I have a column that stores a string, for example PROD_OP21_182. I am developing a query that returns all codes that are correctly entered (meet all conditions).

  • It always starts with PROD_.
  • After PROD_, there should be one of these acronyms: OP, UG or TR.
  • 21 means the last two digits of the year given by another column (analysis date).
  • A last _ and three numbers.
  • The code can end with an R (it is optional). Example: PROD_OP21_182R.
  • Uppercase always.

This is my attempt:

select CODE
from CODES
where SUBSTRING(CODE, 1, 4) = 'PROD'
and SUBSTRING(CODE, 5, 1) = '_'
and SUBSTRING(CODE, 6, 2) in ('OP','UG','TR')
and RIGHT(YEAR(analysis_date), 2) = SUBSTRING(CODE, 8, 2) 
and SUBSTRING(CODE, 10, 1) = '_'
and ( 
(len(CODE) = 13)
or 
(len(CODE) = 14) and CODE like '%R')

It works partially. I still need to check that the three characters in SUBSTRING(dispatch_number, 11, 3) are numbers, and that the rule of capital letters is fulfilled (simply, there cannot be lowercase in the code).

CodePudding user response:

You can use a case sensitive collation, for example

..
and SUBSTRING(CODE, 6, 2) COLLATE Latin1_General_CS_AS in ('OP','UG','TR')
..

and LIKE with a simple regex supported by SQL Server

.. 
and SUBSTRING(CODE, 11, 3) like '[0-9][0-9][0-9]' 
..

CodePudding user response:

First of all kudos on posting sample data and a table structure to make it easy for anybody to help. I wish everybody could do that. As I mentioned in my comment the table structure you have here is why this is so difficult. You are storing a bunch of information in a single tuple which violates 1NF. However we can't always fix that and have to query the mess we are given.

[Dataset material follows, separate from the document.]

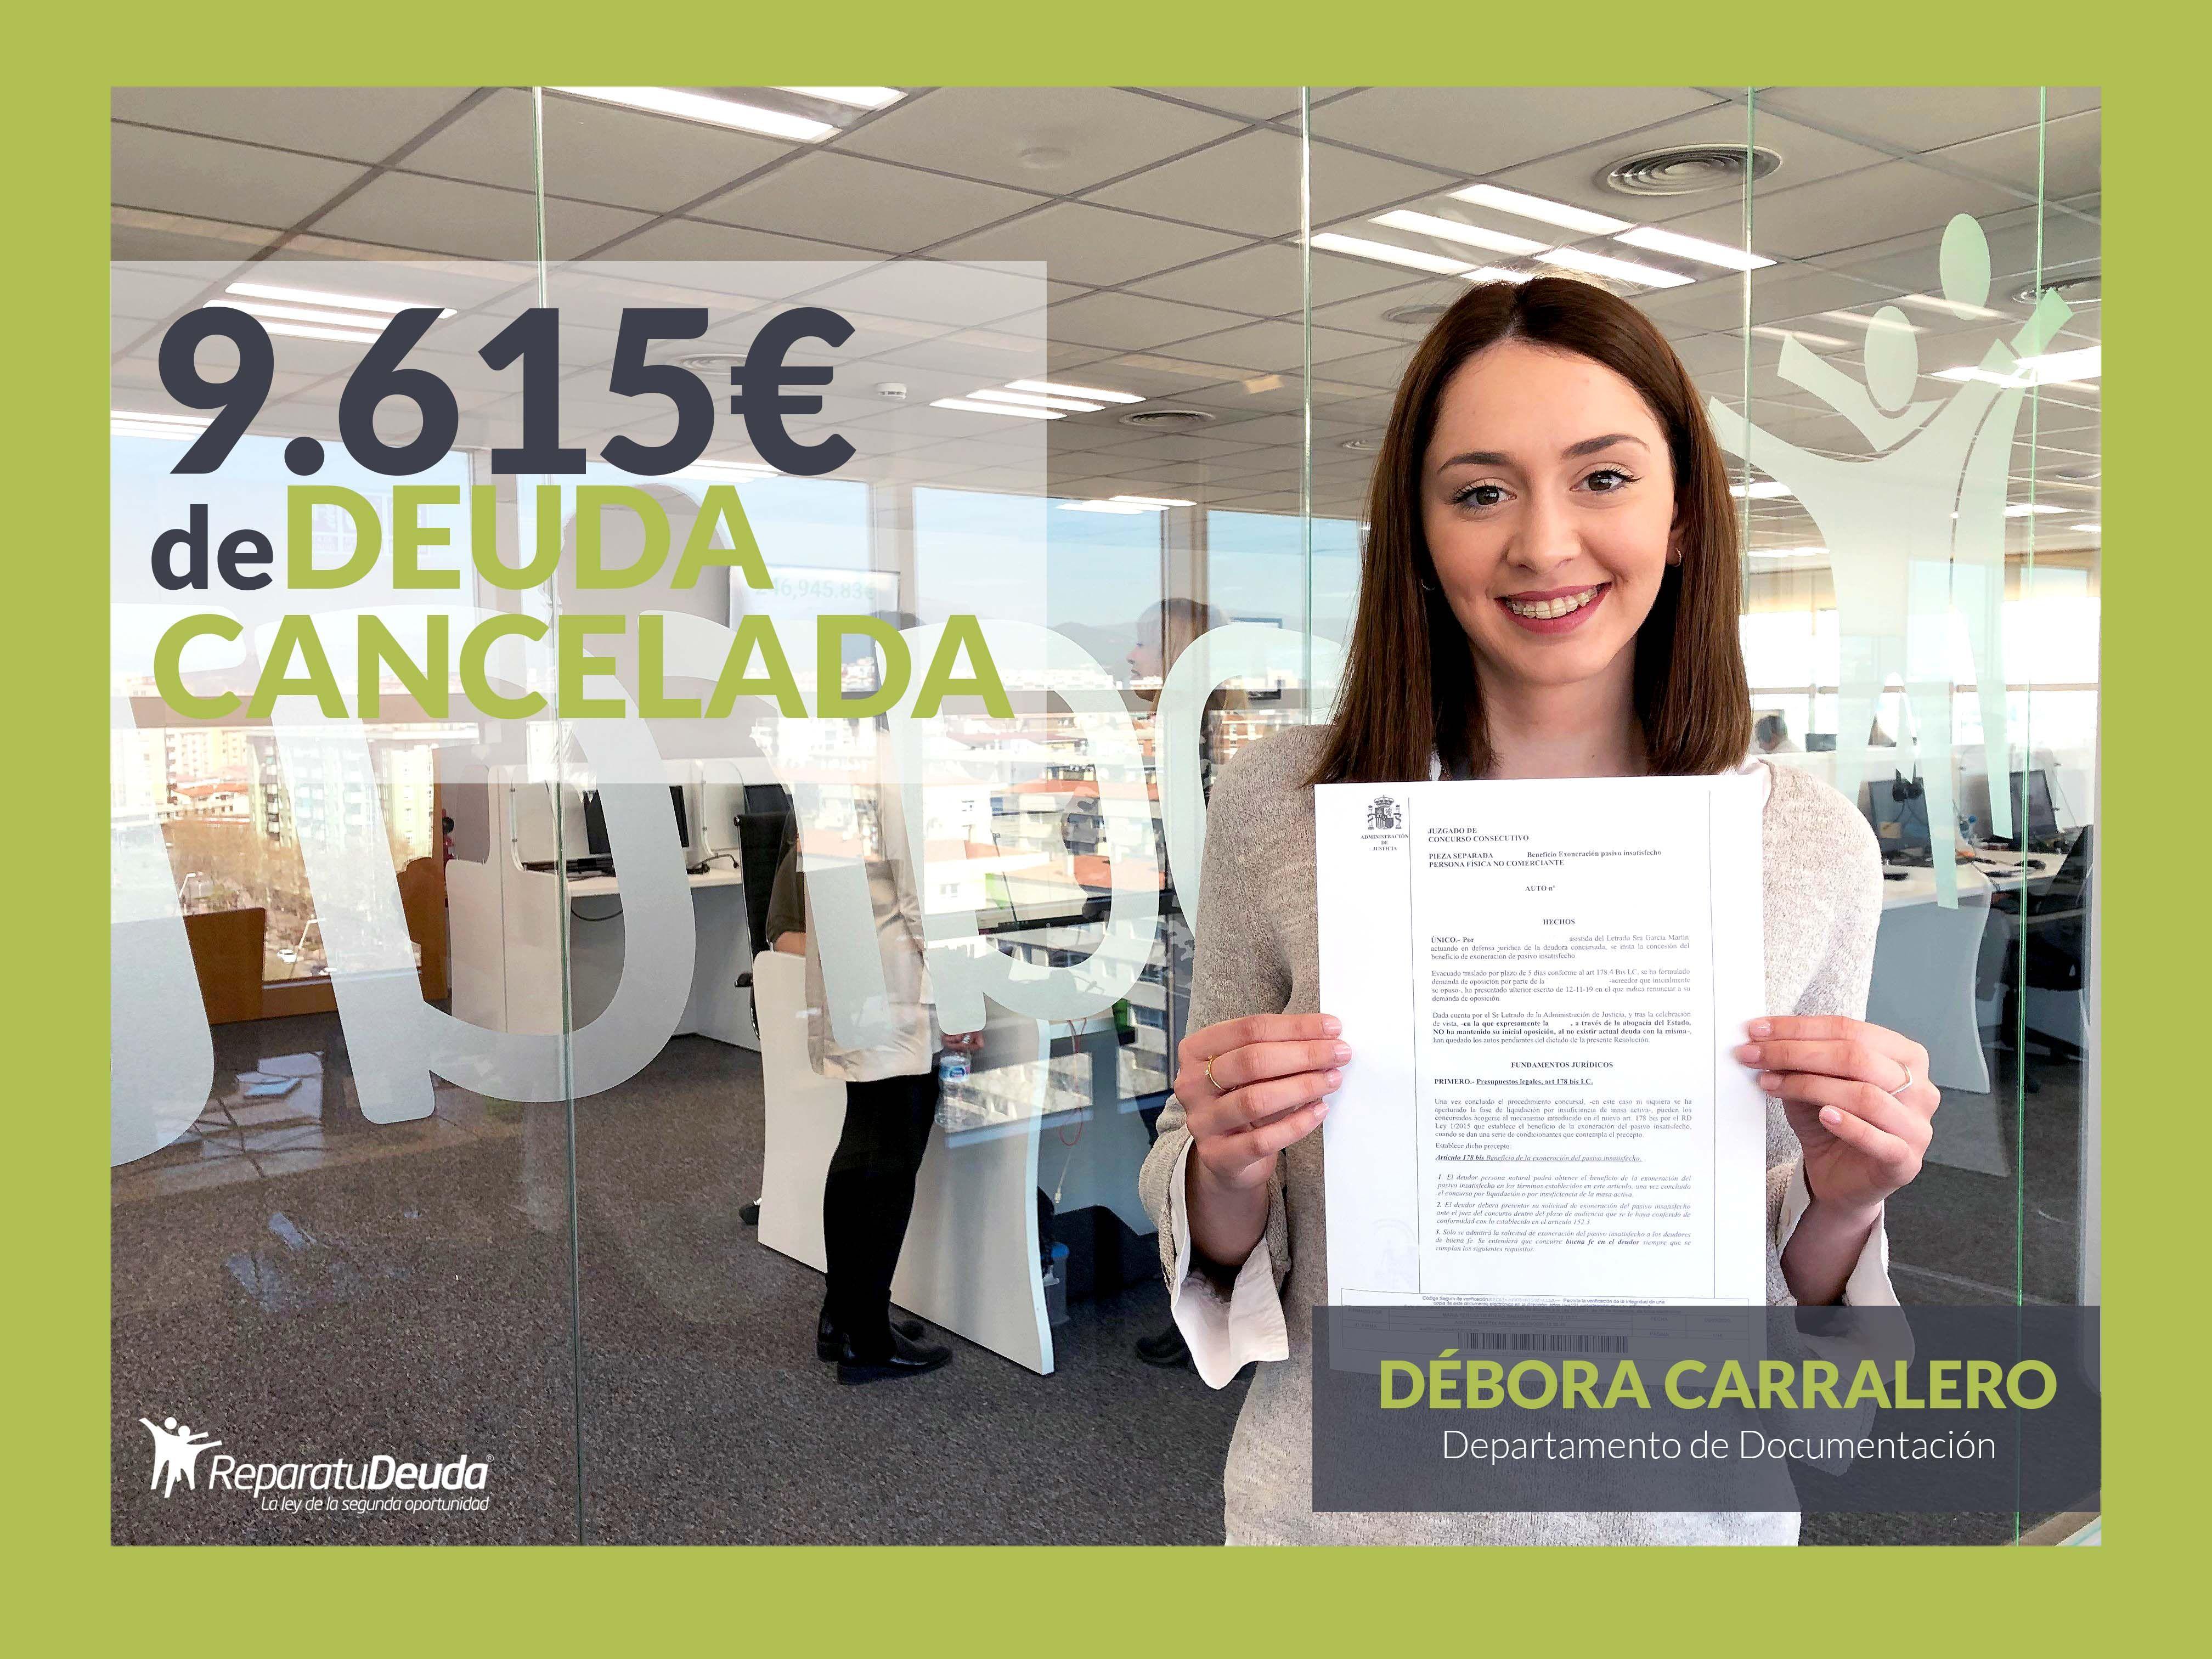 Repara tu Deuda abogados cancela 9.615 eur con 5 Bancos en Barcelona con la Ley de la Segunda Oportunidad

This is one way to solve this one. Instead of substring I am using parsename. It is a little more code but I find using substring really fiddly because when something changes in the logic you have to go fiddle with every instance of substring to get the new values right.

select *
from CODES
where parsename(replace(code, '_', '.'), 3) COLLATE Latin1_General_CS_AS = 'PROD'
    AND
    (
        left(parsename(replace(code, '_', '.'), 2), 2) in ('OP','UG','TR')
        OR
        try_parse(right(parsename(replace(code, '_', '.'), 2), 2) as int) = datepart(year, analysis_date)
    )
    AND
    (
        parsename(replace(code, '_', '.'), 1) like '[0-9][0-9][0-9]' 
        OR
        parsename(replace(code, '_', '.'), 1) COLLATE Latin1_General_CS_AS like '[0-9][0-9][0-9][R]'
    )
  • Related